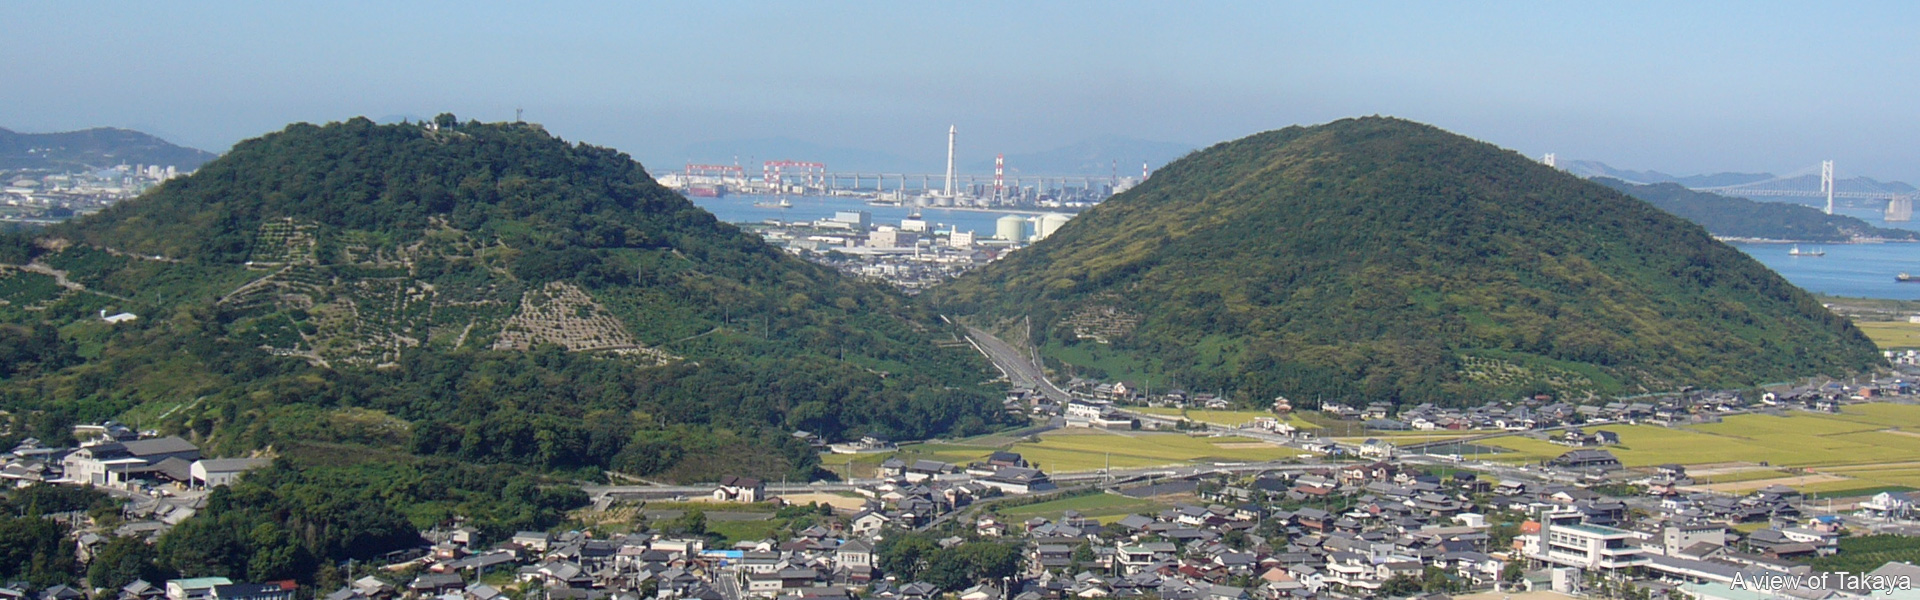 A view of Takaya
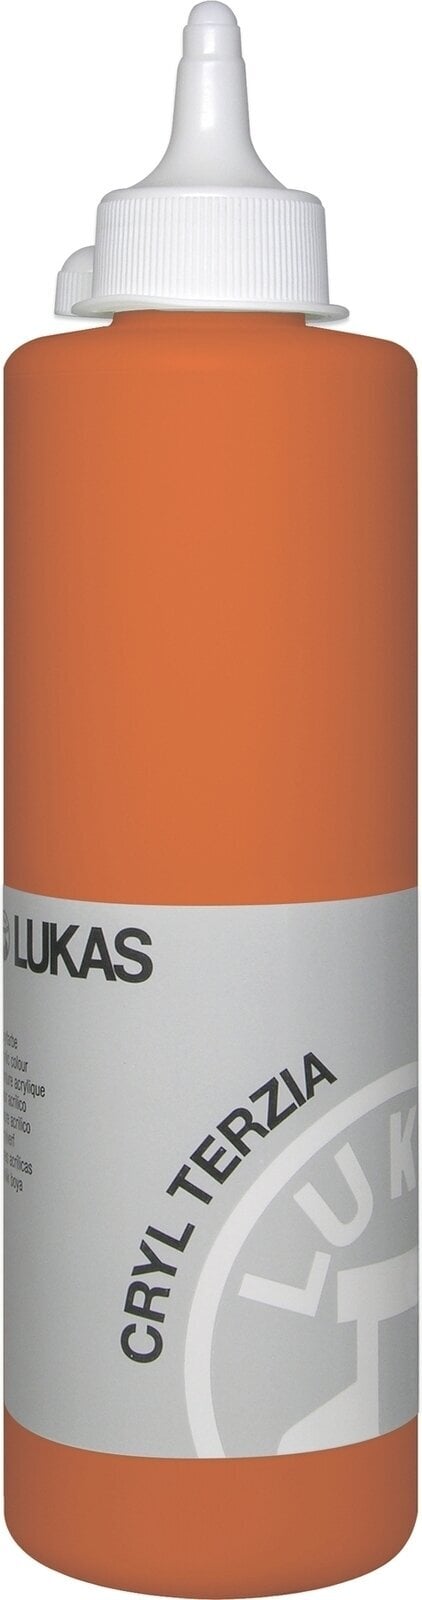 Akryylimaali Lukas Cryl Terzia Akryylimaali 500 ml Cadmium Orange Hue
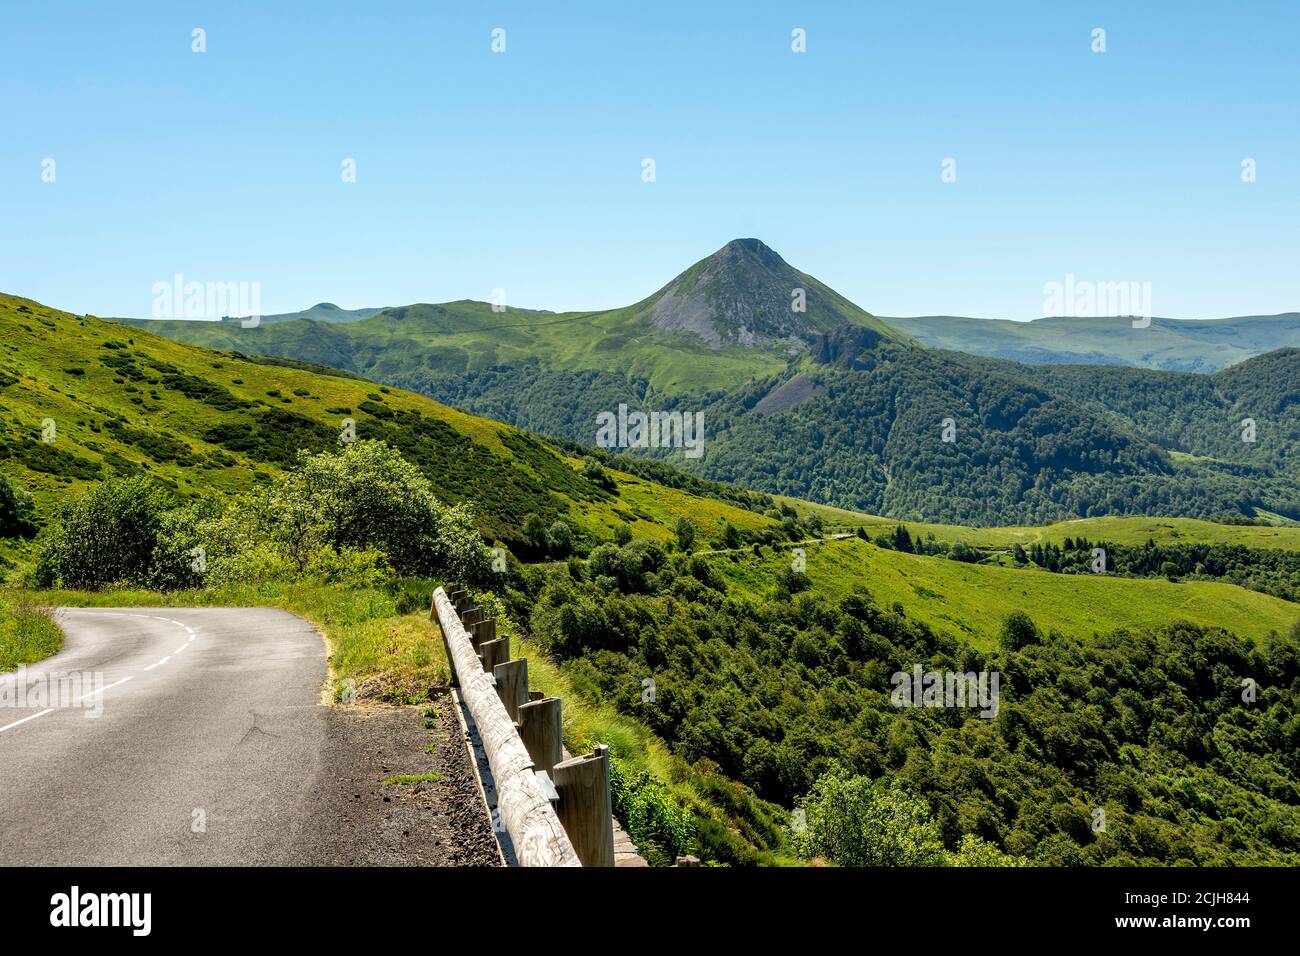 Le Puy Griou dans le Parc naturel régional des volcans d'Auvergne, Cantal, Auvergne Rhône Alpes, France Banque D'Images
○ ○ ○ ○ ○
The output has to match the data above line for line, except that pictures are dropped.

 A view of Takaya
 Akryylimaali Lukas Cryl Terzia Akryylimaali 500 ml Cadmium Orange Hue
 Le Puy Griou dans le Parc naturel régional des volcans d'Auvergne, Cantal, Auvergne Rhône Alpes, France Banque D'Images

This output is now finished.